28 juin 2026

Clémentine Autain, 25 juin.  » Le capitalisme basé sur les énergies fossiles nous tue. « 

Une fois encore, ils savaient et ils n’ont rien fait.

90% de la population est placée sous vigilance orange ou rouge, dans 89 départements. Un record ! Les êtres humains sont en souffrance, physique et psychique. Des milliers de personnes vont encore mourir de la canicule cette année. Les fortes chaleurs mettent également la végétation et la faune en danger.

Nous avançons vers le précipice alors que les solutions sont connues.

Sur le banc des accusés : un capitalisme reposant sur les énergies fossiles. Ce système économique qui fait primer la loi du profit sur nos vies est accompagné, encouragé, par des décisions politiques. C’est un choix. Nous pouvons donc en faire un autre.

Les irresponsables qui nous gouvernent font mine d’être pris de court devant la canicule.  Comment ne pas avoir la rage ? Le constat scientifique est sur la table depuis les années 1960. Le fameux rapport Meadows pointait dès 1972 les conséquences d’un modèle fondé sur la croissance illimitée dans un monde aux ressources finies. Le premier rapport du GIEC, c’est 1990. Nous étions prévenus.

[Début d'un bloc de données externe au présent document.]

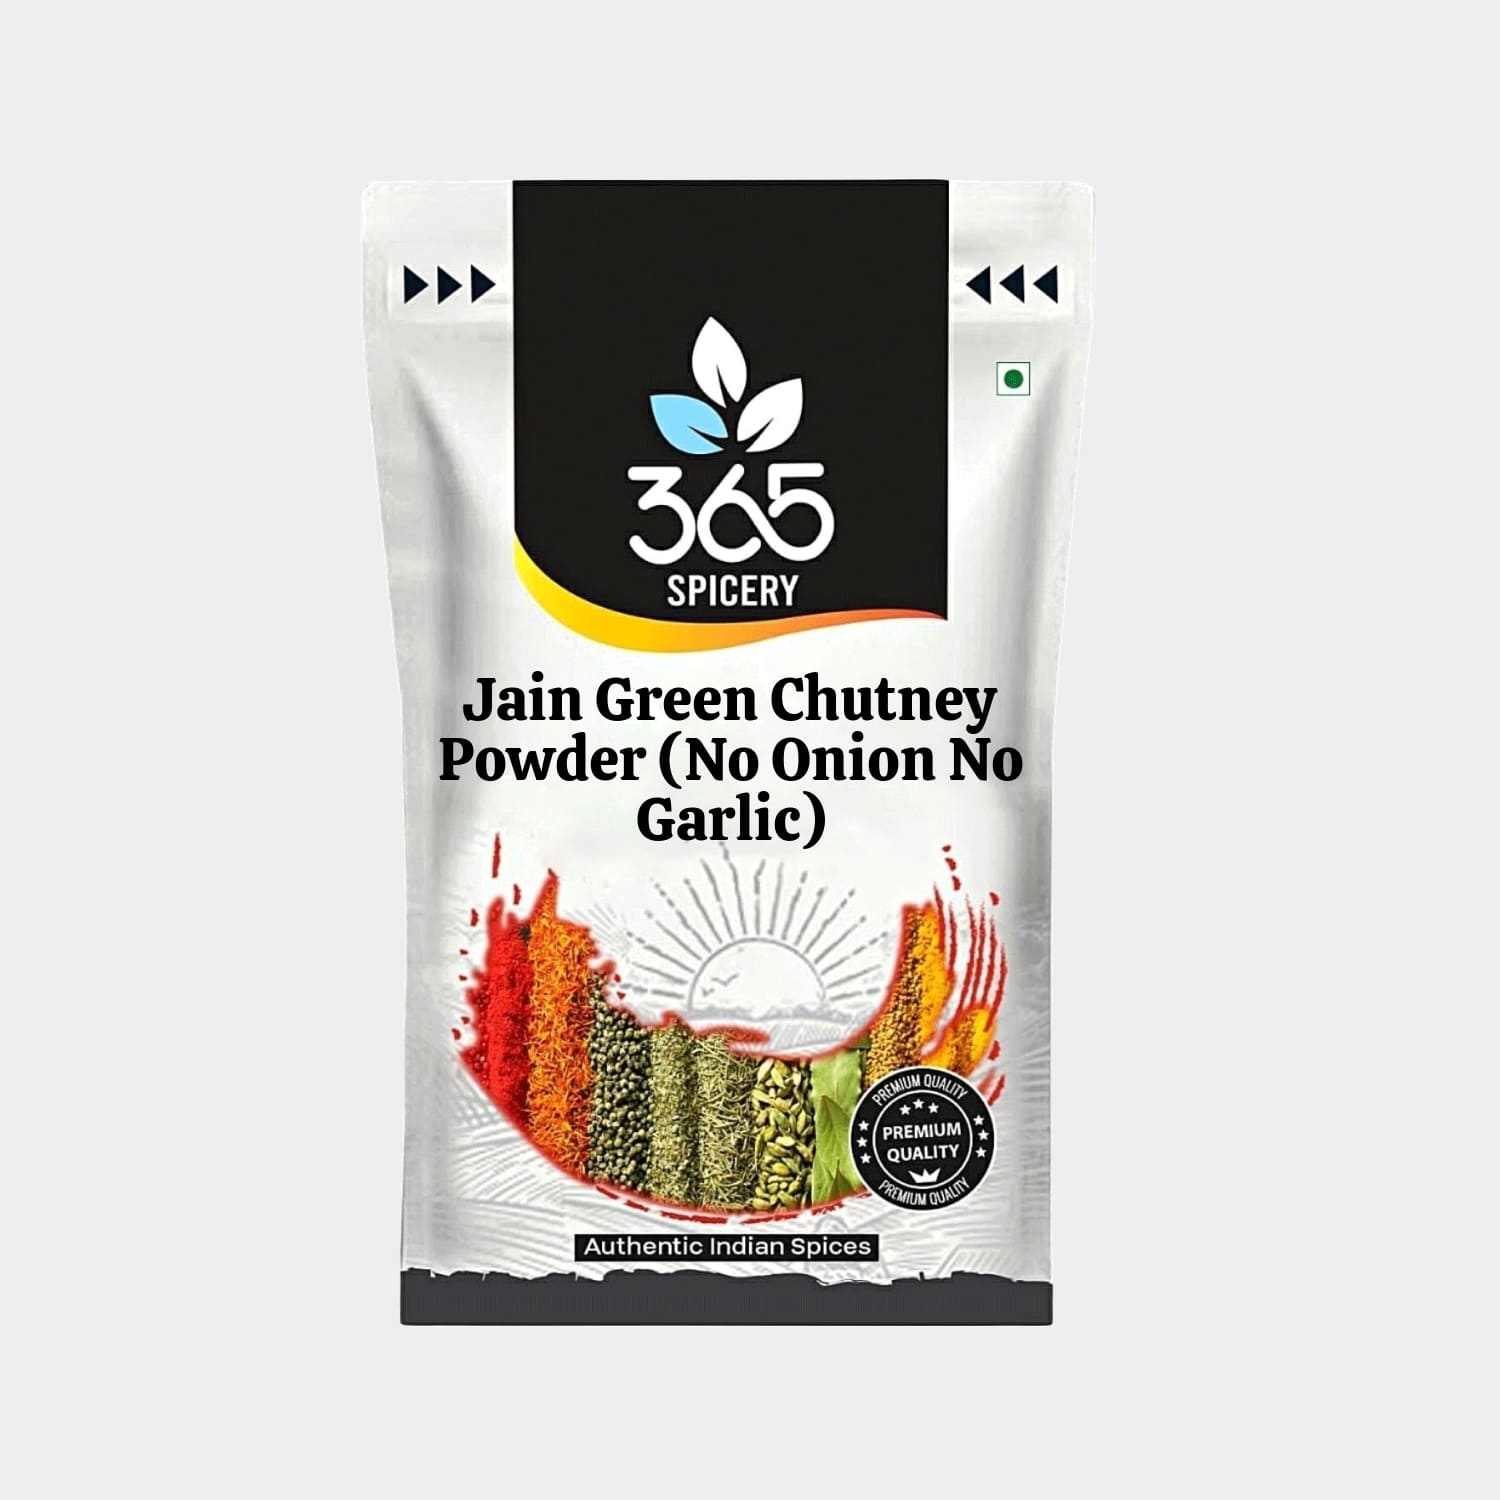 Jain Green Chutney Powder (No Onion No Garlic)

Pendant ce temps, l’inaction climatique s’est tranquillement installée au sommet de l’État. Pire, les reculs sont même de saison sous Macron. Le budget du « fonds vert », crée en 2023 pour financer les projets des collectivités locales destinés à accélérer la transition écologique et nos capacités à faire face aux épisodes caniculaires, a été divisé par… 3 ! Et pendant ce temps l’IA, dont l’empreinte carbone est catastrophique, devient l’horizon enviable des dirigeants. On marche sur la tête.

Ce ne sont pas les discours climato-sceptiques voire négationnistes qui ont pris le dessus. Ce sont les intérêts de multinationales. Total publiait en 1971 un article sur les conséquences préoccupantes de la combustion d’énergie fossile pour l’atmosphère. Ces conclusions ont été méthodiquement enterrées. Une étude de 2017 a montré que le groupe pétrolier américain ExxonMobil savait depuis les années 1980 que le changement climatique était réel et causé par des activités humaines. Mais là encore, ces informations ont été enterrées au profit d’une propagande visant à protéger les profits des groupes pétroliers. Et n’oublions pas les banques commerciales qui ont prêté main forte à cette expansion des énergies fossiles.

Si les gouvernements successifs se couchent devant les lobbys économiques, c’est que leur idéologie correspond à leurs intérêts. En dehors de la croissance et de la compétitivité, point de salut pour ces assassins de l’écosystème.

Et maintenant, devant le déjà-là de la catastrophe, c’est encore aux gestes individuels que le pouvoir renvoie. Il faut entendre la Ministre de la Santé nous raconter en direct sur BFM : « la canicule, ça concerne chacune et chacun d’entre nous » (sans rire). Et de nous recommander de boire de l’eau, d’éviter de faire du sport ou de tempérer nos logements. La réponse ultime ? Un numéro vert ! Consternant.

Je le dis avec force : seul un changement structurel de notre organisation sociale et économique peut nous protéger.

Cela suppose de combattre les logiques capitalistes et productivistes par des politiques publiques fortes. La fiscalité et la règlementation sont des leviers. Un ensemble de mesures concrètes doivent, dans le même temps, être mises en œuvre avec volontarisme : investir massivement dans la rénovation thermique, transformer notre système agricole, prioriser les usages de l’eau, développer les transports collectifs dans les zones urbaines et rendre accessibles les voitures électriques dans les territoires ruraux et périurbains, maitriser le développement de l’IA…

Le préalable, c’est de cesser de considérer que « There is no alternative » au capitalisme prédateur et destructeur, à la soumission du pouvoir politique aux intérêts de quelques multinationales. C’est même là que commence la démocratie.

Face au dérèglement climatique, sécuriser nos vies suppose de renouer avec l’esprit public et de partager les richesses comme les ressources. C’est dit. Maintenant il faut le faire.